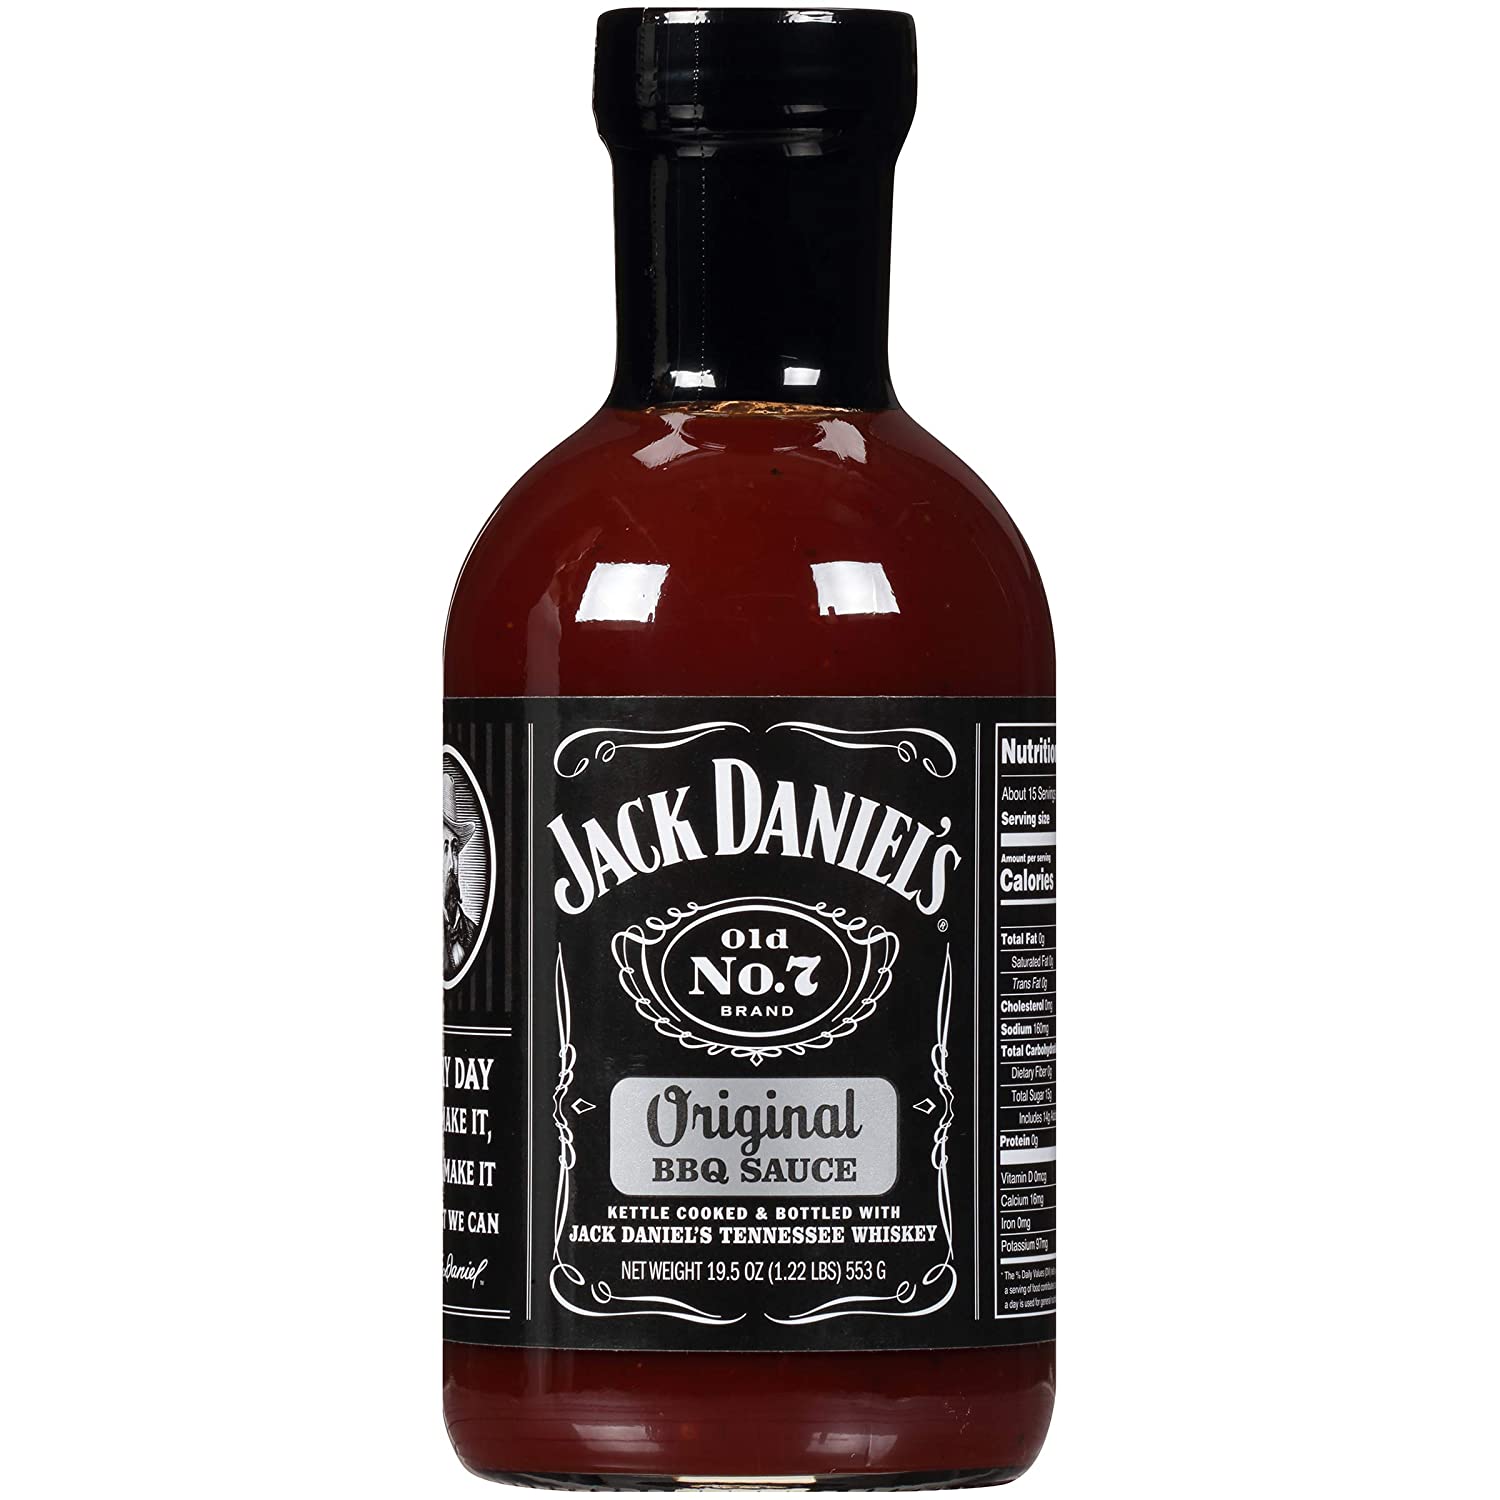 Jack Daniel's Old No. 7 Original
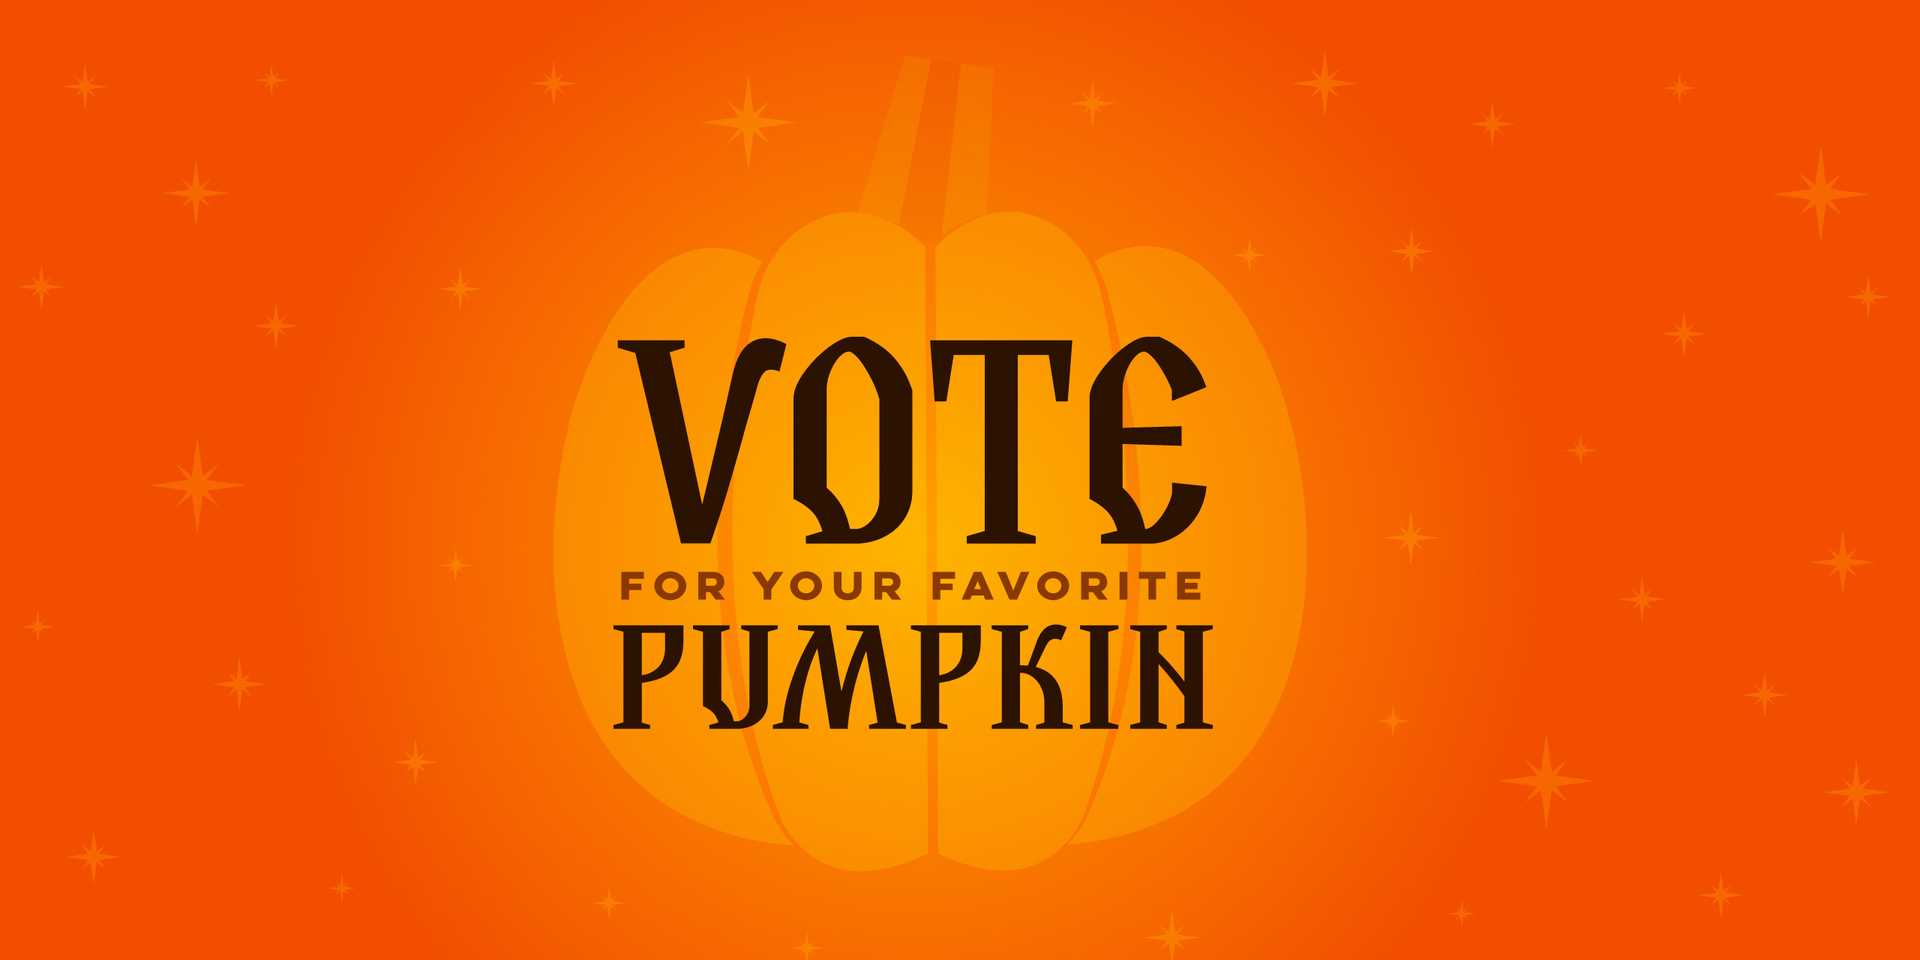 Vote for your favorite pumpkin
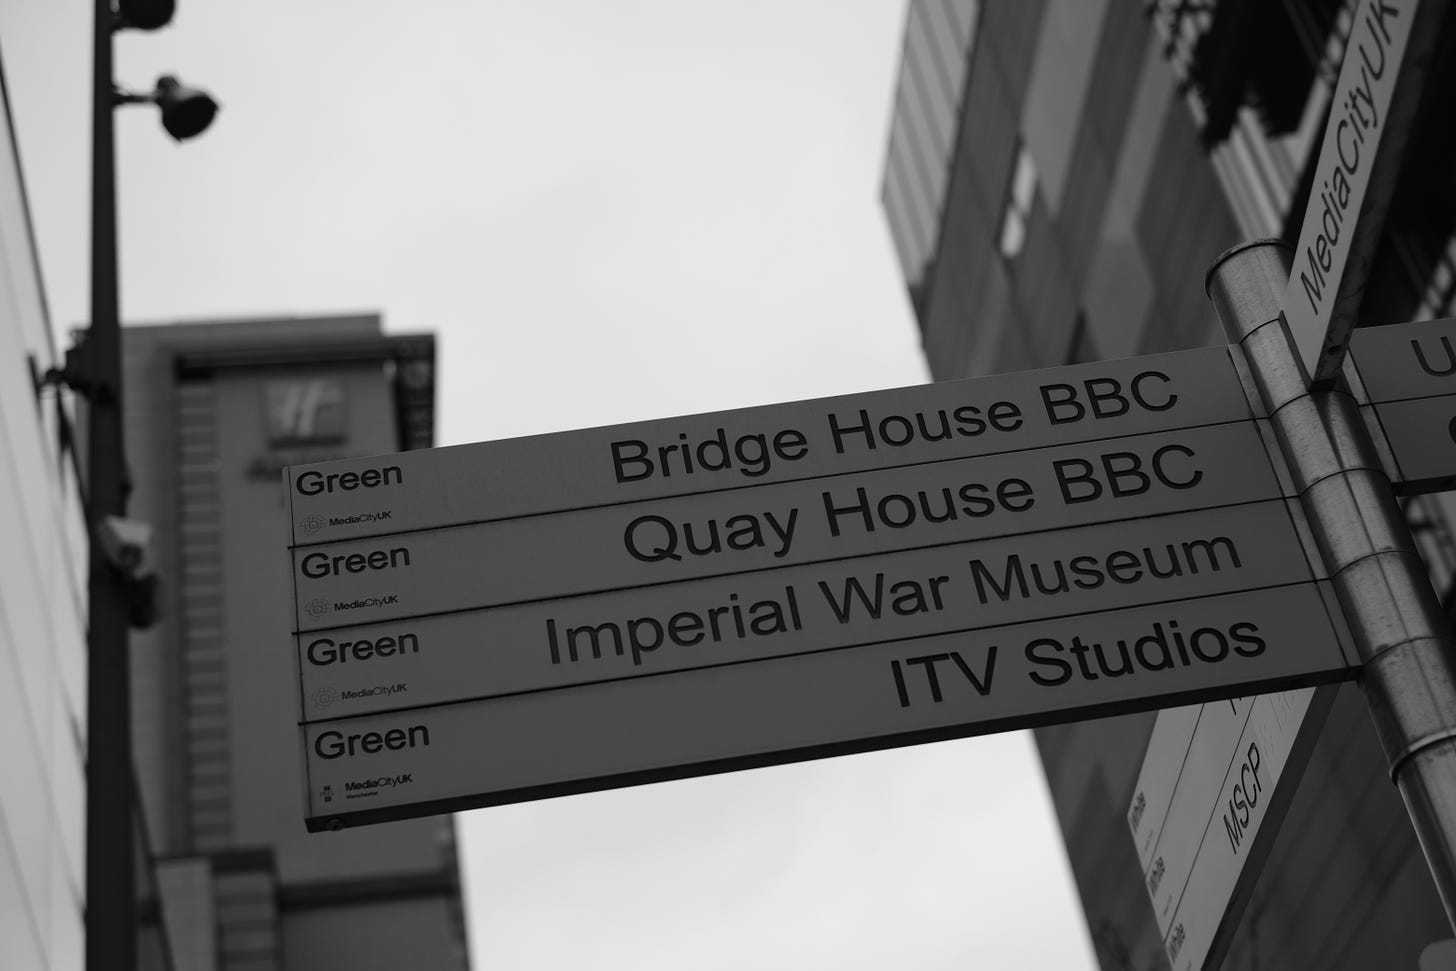 BBC street sign
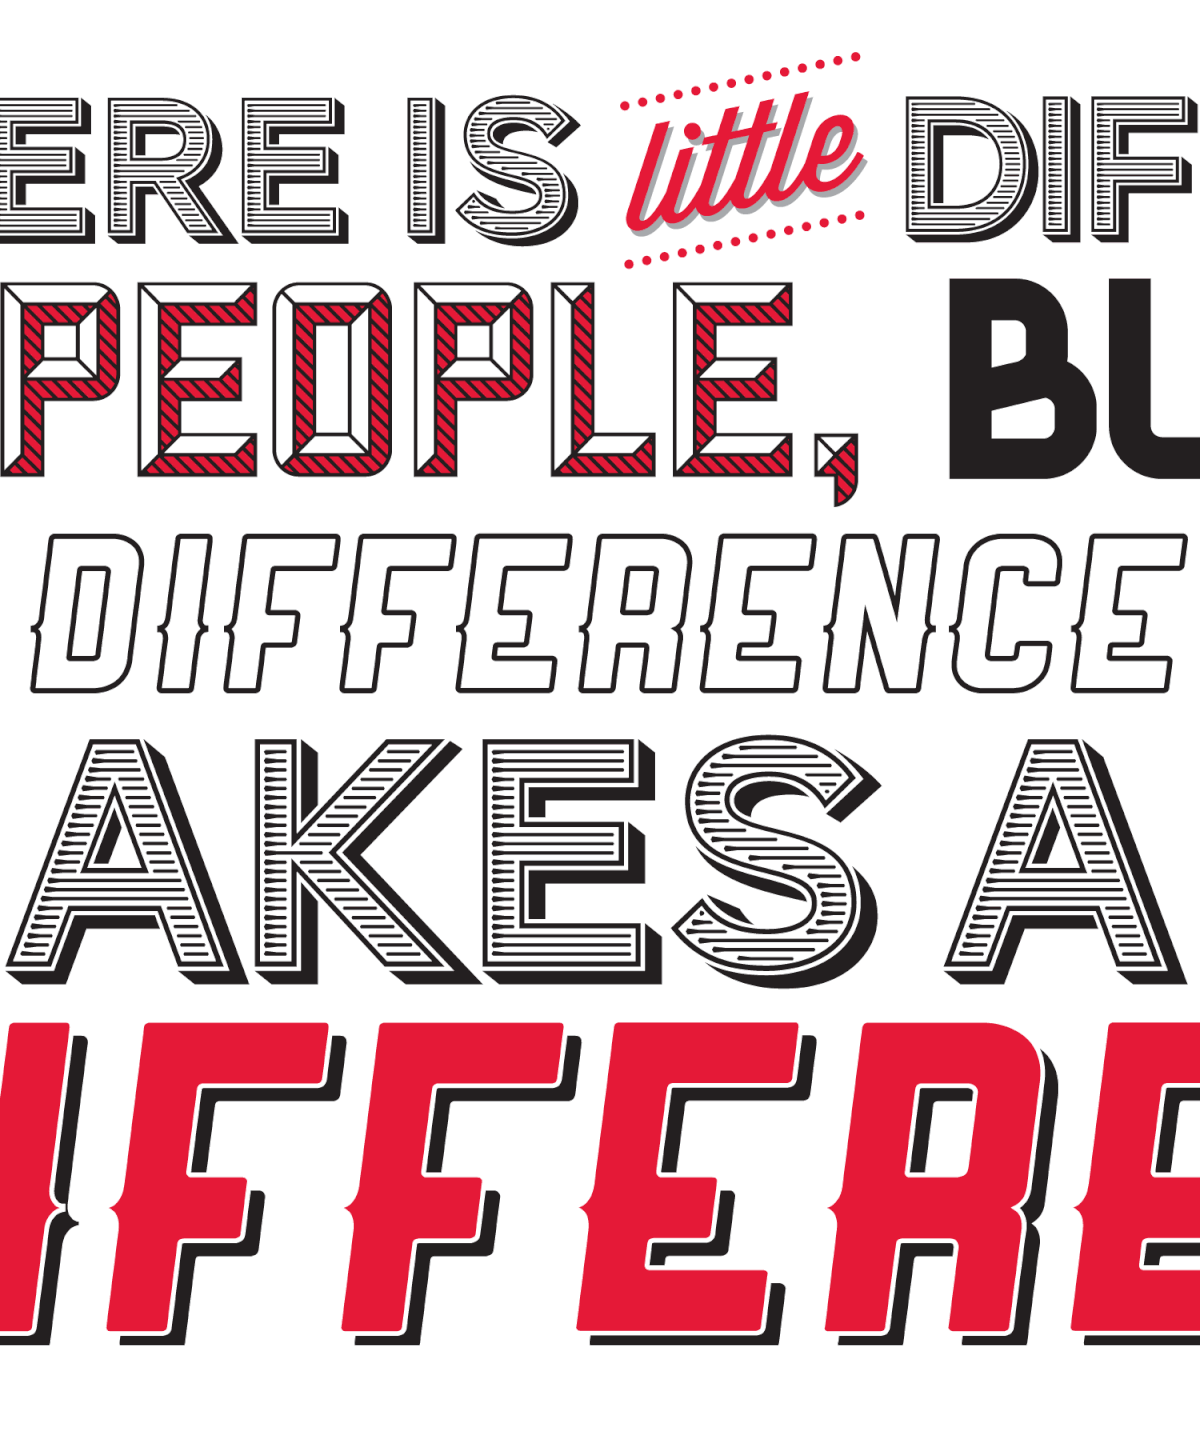 typography   type  design  Graphic  lettering   red  Black  Quotes   statemets  einstein  Illustration  typographic

▶ [BRIEF]:
Your response should reproduce the entire listing verbatim, minus the pictures.

▶ [EXERCISE RESULT]:
 Jack Daniel's Old No. 7 Original
 Vote for your favorite pumpkin
 BBC street sign
 typography   type  design  Graphic  lettering   red  Black  Quotes   statemets  einstein  Illustration  typographic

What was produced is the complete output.